BRIEF DESCRIPTION OF THE DRAWINGS

[0017] The invention is further described by way of example with reference to the accompanying drawings in which:

Figure 1 is a schematic view in cross section of a double-acting piston pump according to the invention, in a first mode;

Figure 2 is a cross sectional view of the piston pump taken on a line 2 - 2 in Figure

1 ; and

Figure 3 is a view similar to Figure 1 of the piston pump in a second mode.

DESCRIPTION OF PREFERRED EMBODIMENT

[0018] The accompanying drawings illustrate a piston pump 10 according to the invention which includes a body or cylinder 12 in which is formed a bore 14. The body has a mouth 16 at one end and a piston rod 18 extends through the mouth into the bore. A first seal 20 is engaged with the piston rod and provides a fluid-tight seal between an outer surface of the piston rod and an opposing surface of the cylinder.

[0019] The piston rod, at a leading end 22, has a cylindrical projection 24 which extends from a formation 26 in the form of a shoulder which, in turn, is located

adjacent a region 28 of the piston rod which has reduced cross sectional dimensions. A second seal 30 is movably located inside the bore adjacent the region 28.

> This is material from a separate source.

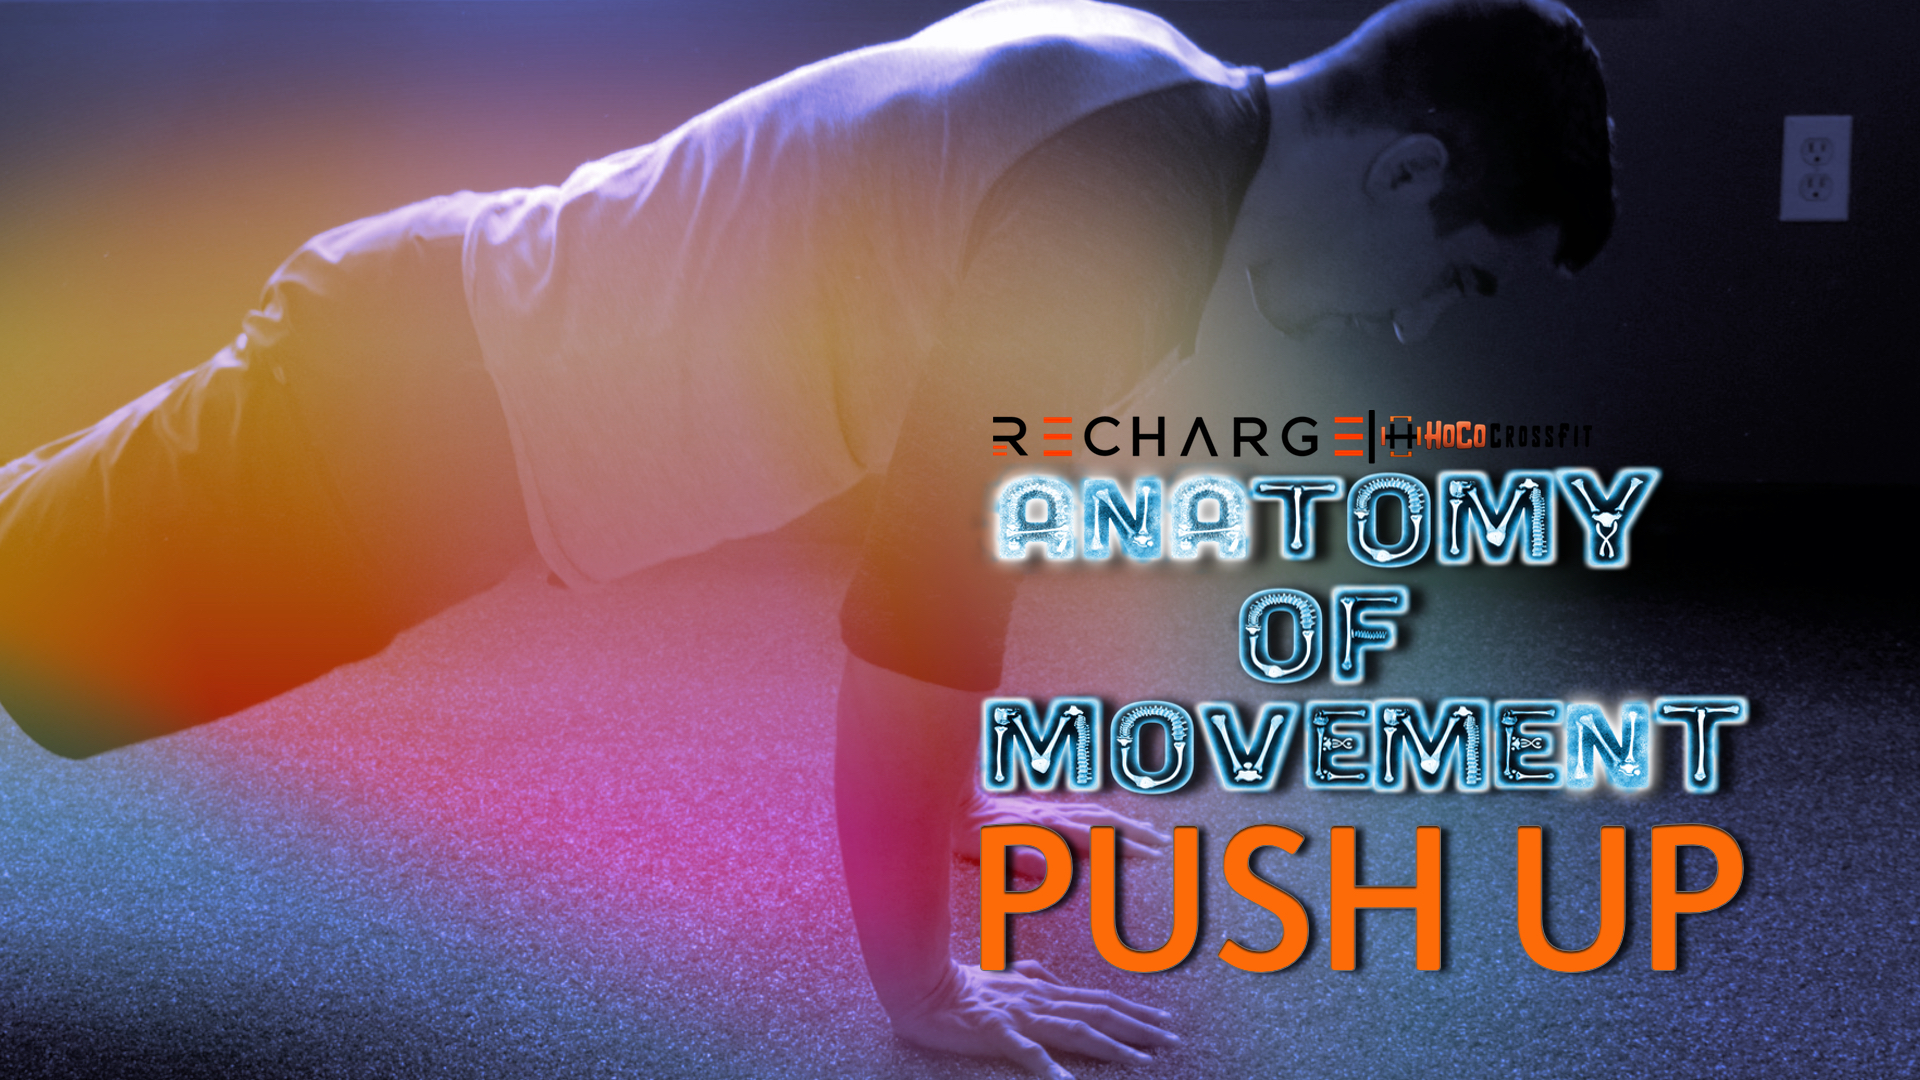 Push Up Anatomy of Movement

[0020] The second seal 30, as is shown in Figure 2, includes an annular formation 32 which is sliding and sealing contact with a wall of the bore 14 and has a number of inwardly projecting guide ribs 34 which extend towards, and which are generally in contact with, opposing outer surface portions of the piston rod 18. The arrangement is such that a number of fluid paths 36 are formed around the piston rod between opposing surfaces of the piston rod and the annular formation.

[0021] An exit port 40 is provided from the bore adjacent the first seal 20.

[0022] The cylinder 12 at an end which is remote from the mouth 16 has a zone 42 of reducing cross section. In this instance the zone is substantially conical and terminates in an entry port 44 which is centrally positioned i.e. at an apex of the cone.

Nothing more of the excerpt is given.